• DATA SUPPLIED:
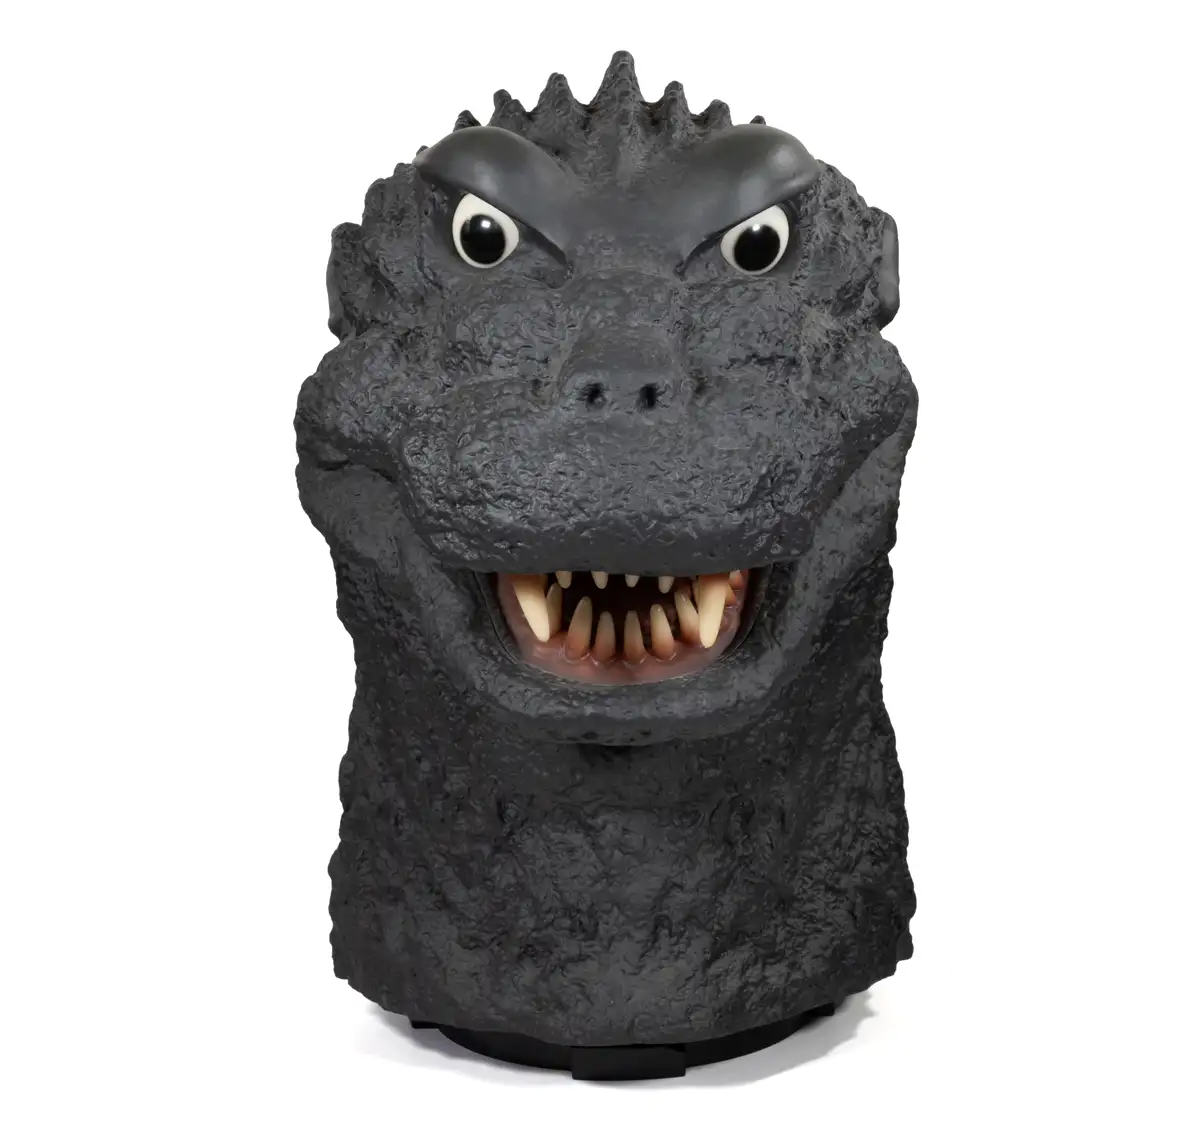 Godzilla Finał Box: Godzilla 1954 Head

...

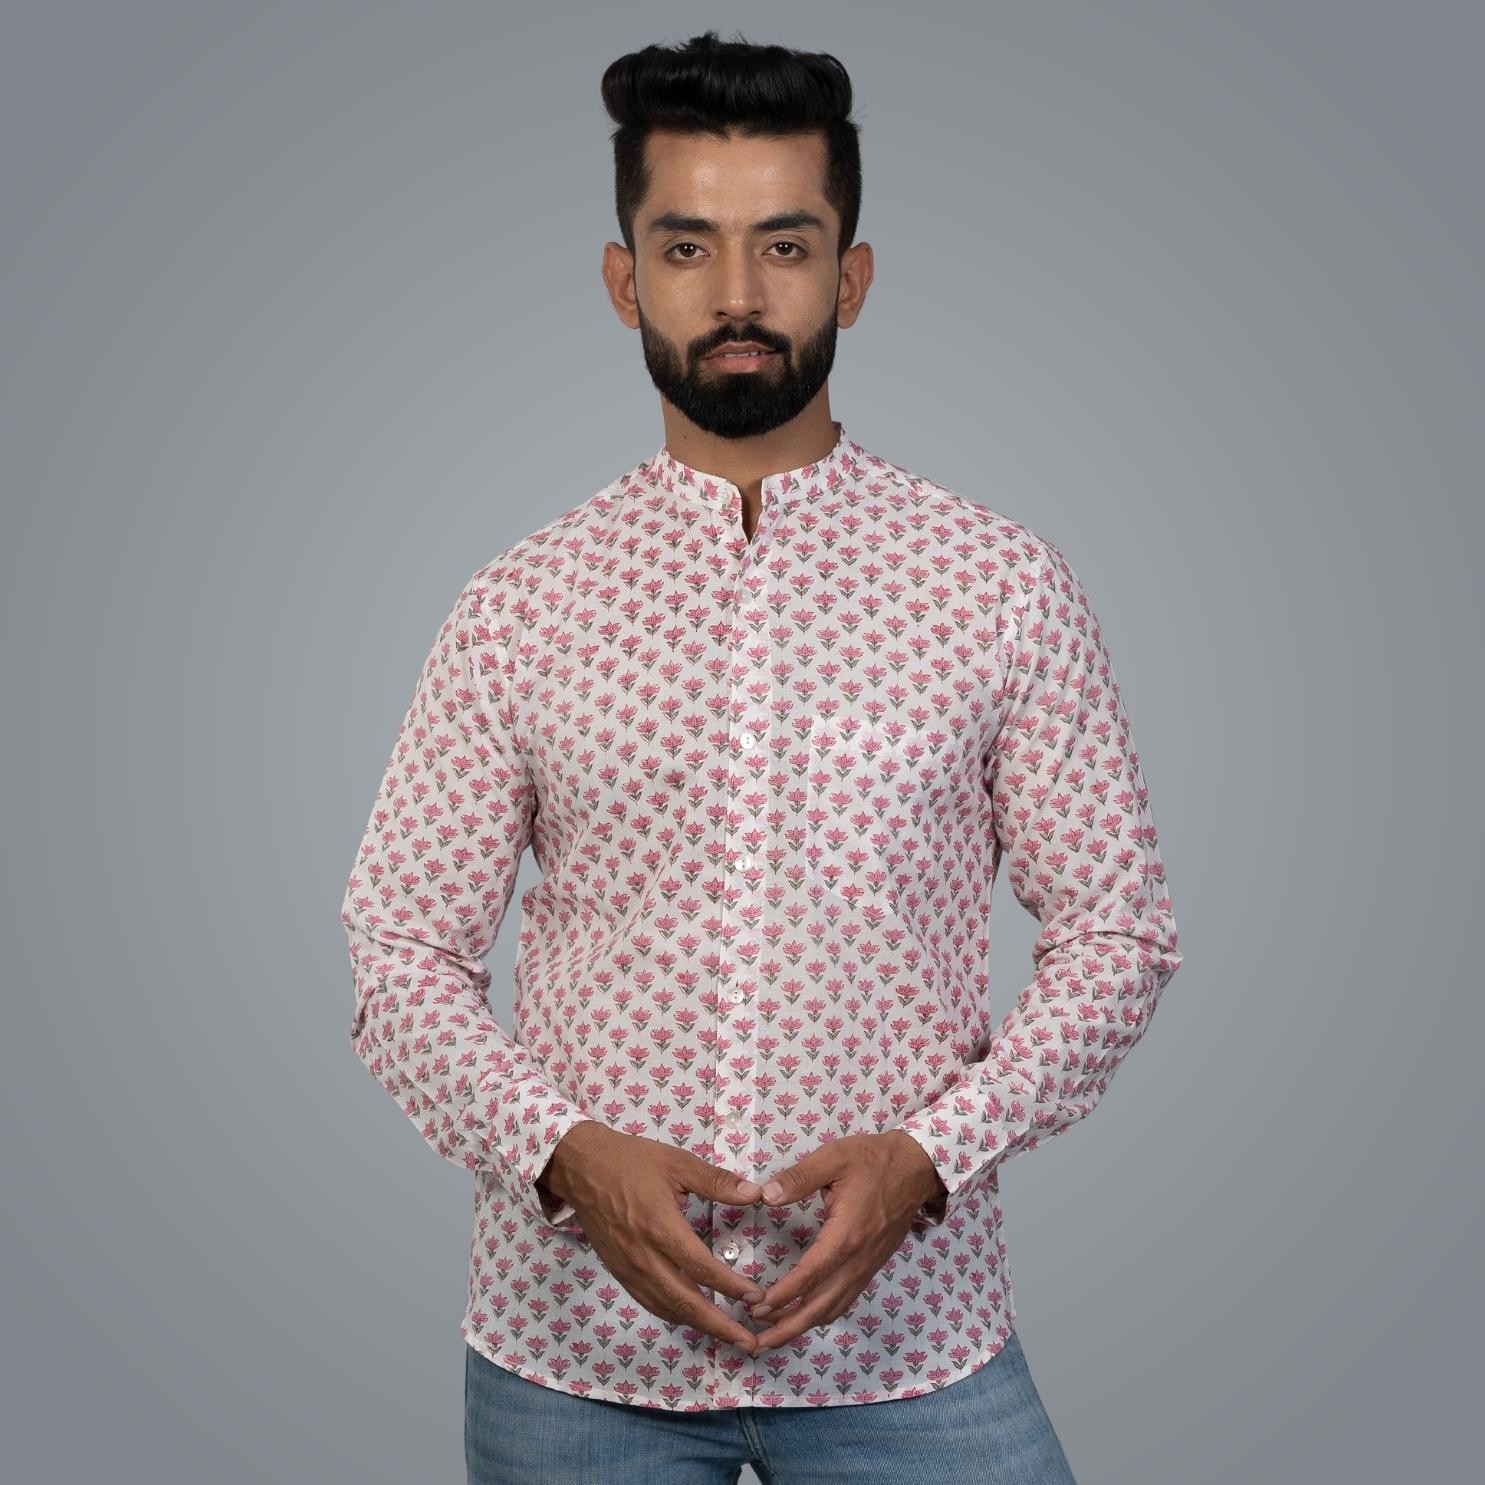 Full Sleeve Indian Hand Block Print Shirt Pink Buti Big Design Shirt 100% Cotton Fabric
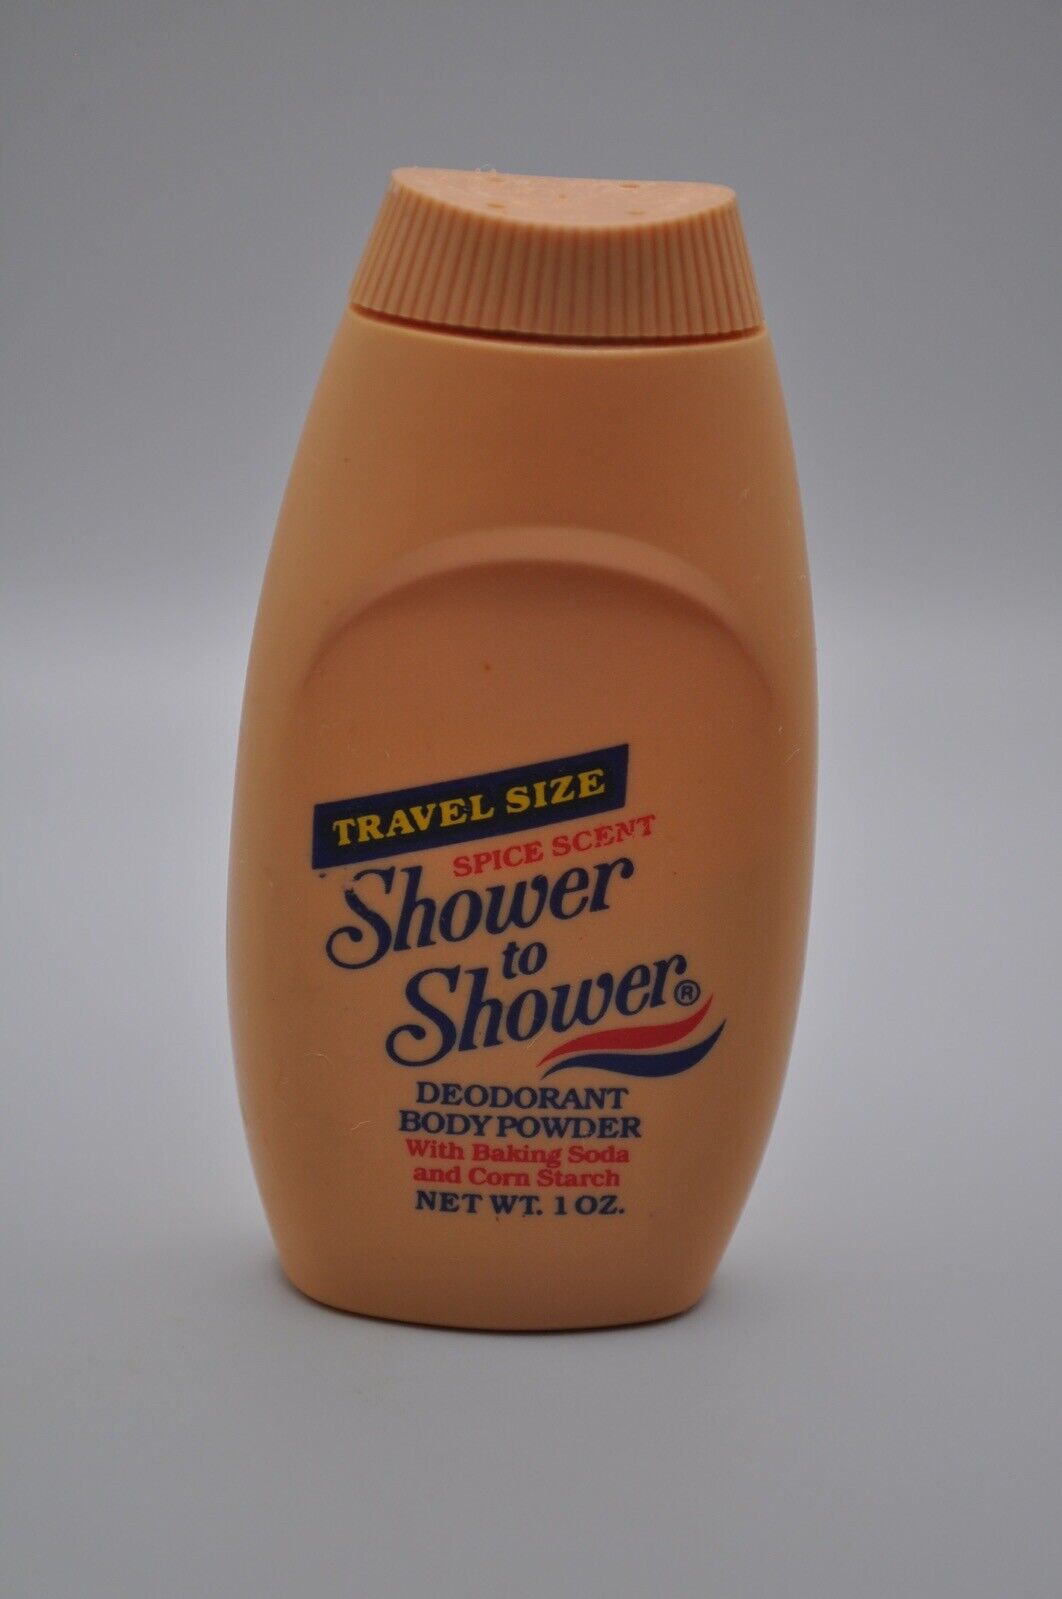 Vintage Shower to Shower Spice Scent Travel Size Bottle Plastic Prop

...

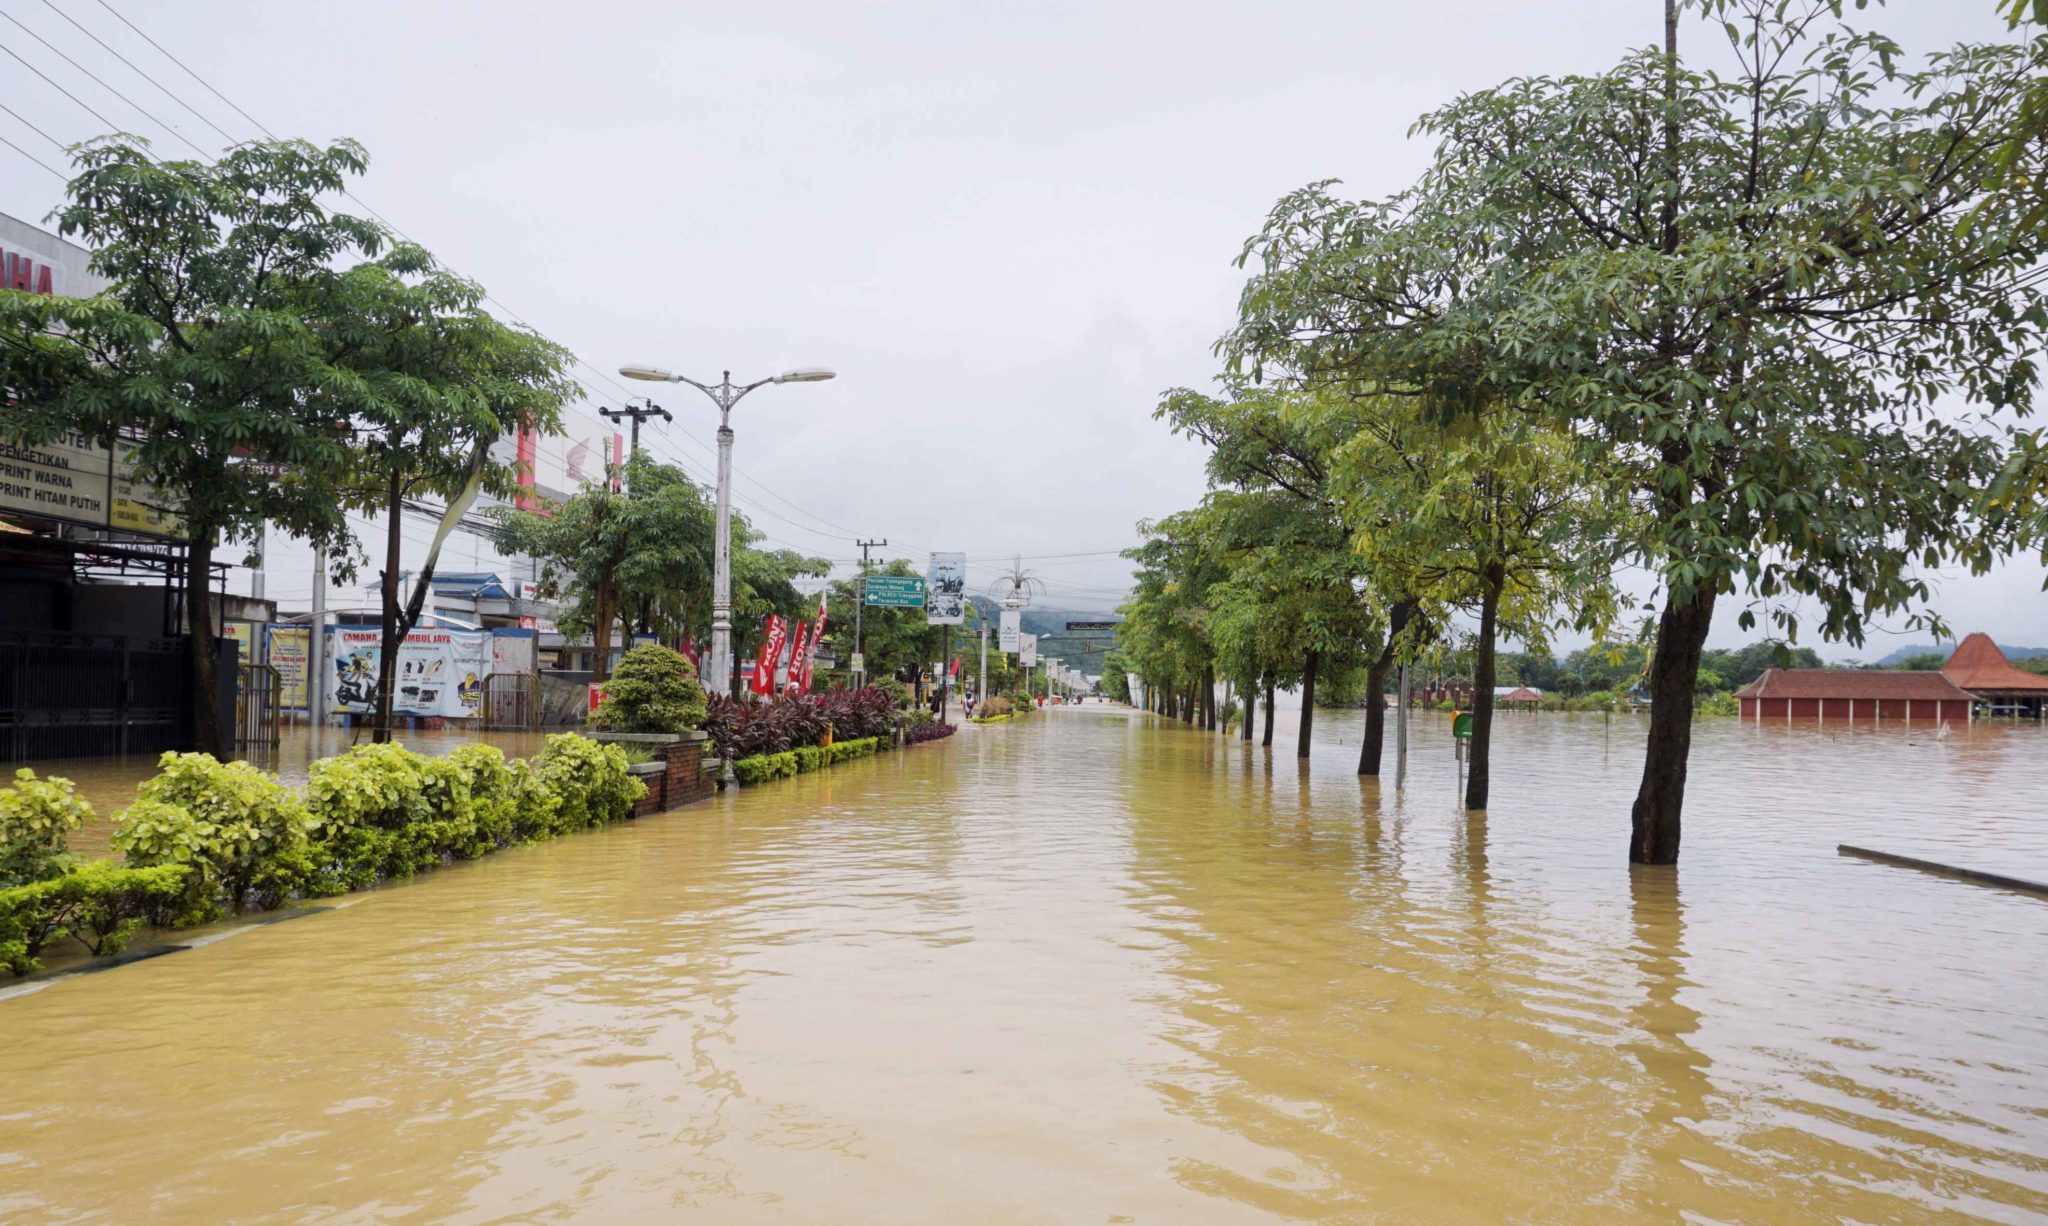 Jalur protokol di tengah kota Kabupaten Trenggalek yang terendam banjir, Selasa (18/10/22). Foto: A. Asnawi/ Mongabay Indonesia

• TASK STATEMENT:
Above are the records; restate exactly the lines from the one containing "Full Sleeve Indian" through the one containing "Vintage Shower to", keeping pictures out.

• TASK RESULT:
 Full Sleeve Indian Hand Block Print Shirt Pink Buti Big Design Shirt 100% Cotton Fabric
 Vintage Shower to Shower Spice Scent Travel Size Bottle Plastic Prop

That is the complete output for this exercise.